Ukraine-Krieg Johnson verteidigt Umgang mit Geflüchteten
1,7 Millionen Menschen aus der Ukraine sind auf der Flucht, 10.000 von ihnen haben Visa für Großbritannien beantragt. 50 hat London bislang bewilligt. Frankreich findet das "etwas inhuman". Der britische Premier Johnson verteidigt sich.
Der britische Premierminister Boris Johnson hat den Umgang seiner Regierung mit Geflüchteten aus der Ukraine verteidigt. Johnson sagte, Großbritannien sei "sehr, sehr großzügig", werde aber nicht zulassen, dass "Menschen in das Vereinigte Königreich ohne jegliche Kontrolle kommen können".

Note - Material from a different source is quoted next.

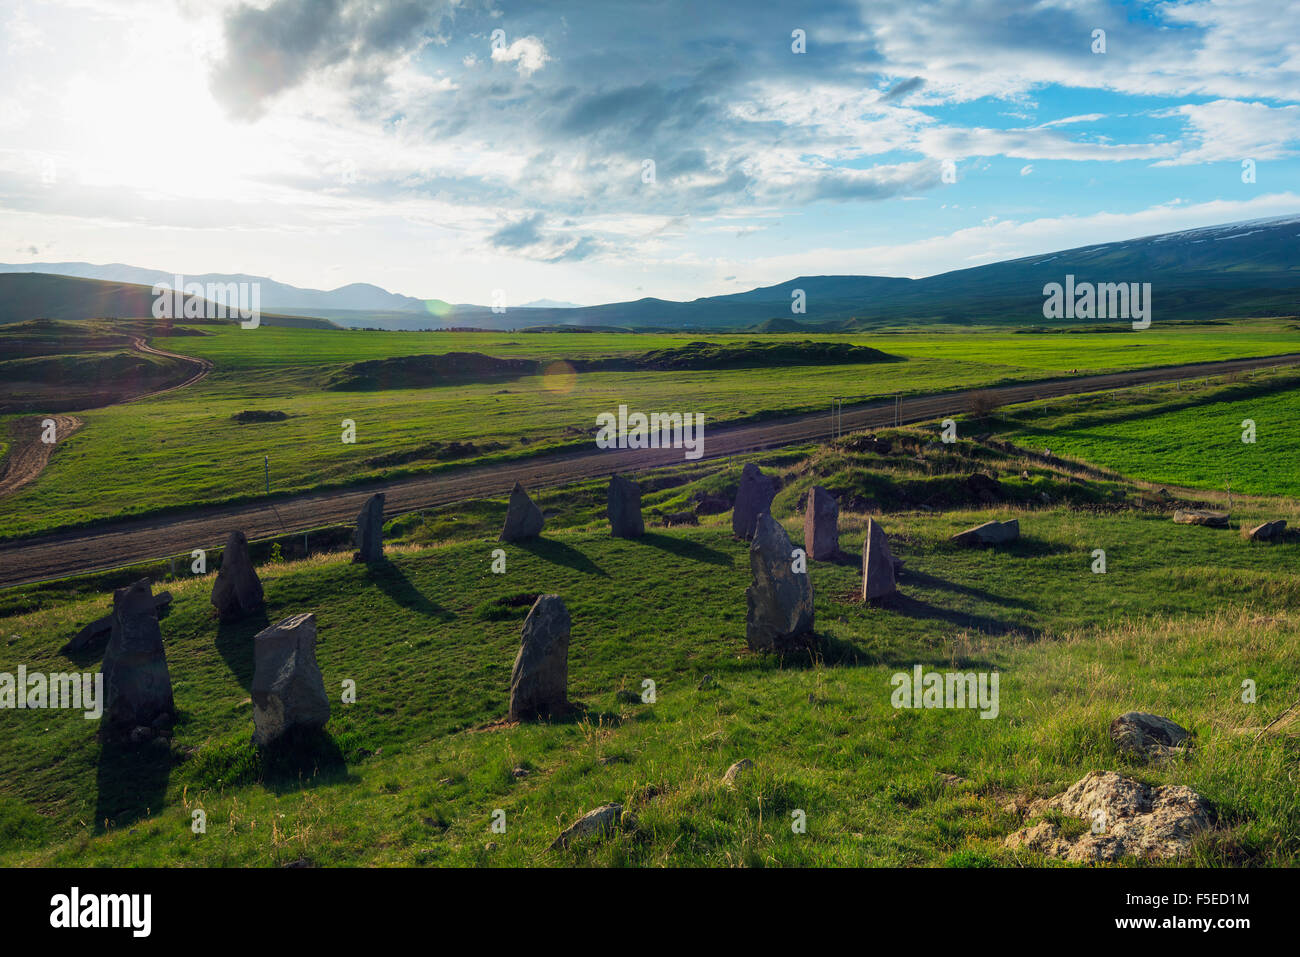 Karahunj Zorats Karer, prehistoric archaeological stonehenge site, Syunik Province, Armenia, Caucasus, Central Asia, Asia Stock Photo

Tausende Fälle müssten bearbeitet werden und die Lage verändere sich ständig, so Johnson nach einem Treffen mit seinen Kollegen aus Kanada und den Niederlanden, Justin Trudeau und Mark Rutte.
50 Visa - 10.000 Anträge
London erwartet nach eigenen Angaben bis zu 200.000 Geflüchtete infolge des russischen Angriffs auf die Ukraine; mehr als 10.000 Menschen haben nach offiziellen Angaben bereits britische Visa beantragt.
Nur wenige von ihnen sind allerdings bisher ins Land gekommen: Nach Angaben des Innenministeriums wurden bis Sonntag lediglich "rund 50 Visa" im Rahmen des Programms zur Familienzusammenführung ausgestellt.

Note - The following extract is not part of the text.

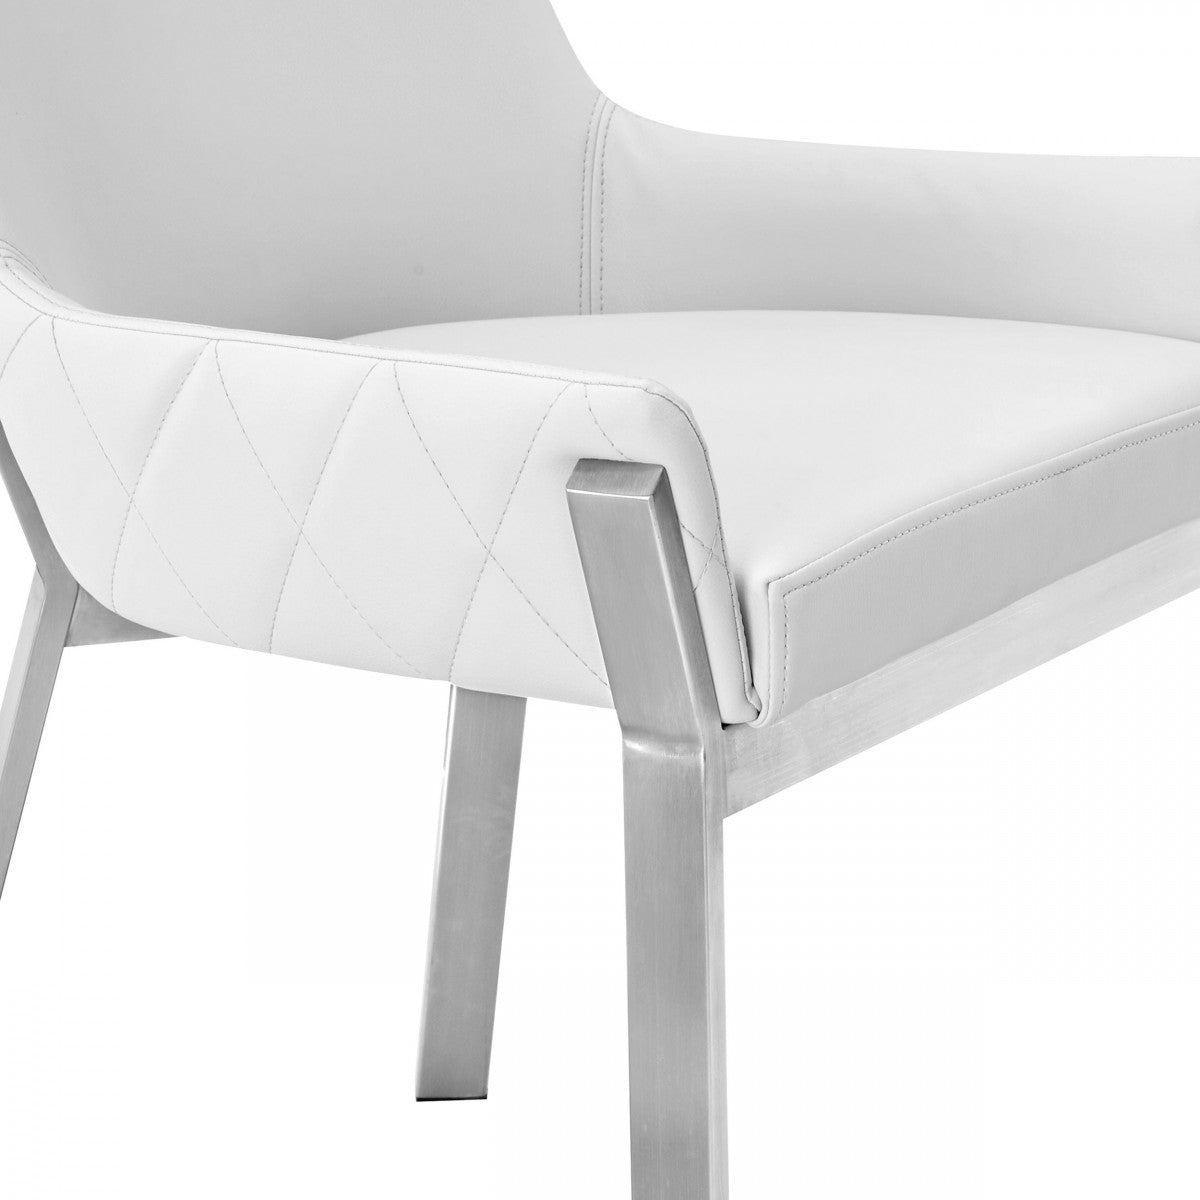 Modrest Ganon Modern White & Brushed Stainless Steel Dining Chair

"Technokratische Kleinkrämerei"
Frankreich hatte diese geringe Zahl kritisiert. Der französische Innenminister Gérard Darmanin sagte am Sonntag, Hunderte ukrainische Flüchtlinge seien in Calais von britischen Behörden abgewiesen worden, weil sie sich erst ein Visum bei den britischen Botschaften in Paris oder Brüssel besorgen müssten. Das sei "etwas inhuman", sagte Darmanin und forderte Großbritannien auf, die "technokratische Kleinkrämerei zu stoppen".
Die britische Innenministerin Priti Patel sagte, es werde niemand abgewiesen. Die Regierung bestätigte aber auch, dass es in Calais kein britisches Zentrum gebe, das Visa ausstelle.
Bislang 1,7 Millionen Geflüchtete
Seit der russischen Invasion in die Ukraine am 24. Februar sind nach UN-Angaben mehr als 1,7 Millionen Menschen aus dem Land geflohen, mehr als eine Million davon nach Polen.
Die EU-Staaten hatten sich in der vergangenen Woche auf eine vereinfachte Aufnahme von Geflüchteten aus der Ukraine geeinigt - mithilfe der zuvor noch nie genutzten Richtlinie für den Fall eines "massenhaften Zustroms" von Vertriebenen. Die seit 2001 gültige Richtlinie zum temporären Schutz von Geflüchteten war infolge der Kriege im ehemaligen Jugoslawien beschlossen worden.
Sie sieht Schutz für zunächst ein Jahr vor, verlängerbar auf insgesamt drei Jahre. Ein langwieriges Asylverfahren ist für den Schutzstatus nicht nötig, jedoch besteht das Recht, einen Asylantrag zu stellen, weiter. Zugleich werden den Schutzsuchenden Mindeststandards wie der Zugang zu Sozialhilfe und eine Arbeitserlaubnis garantiert.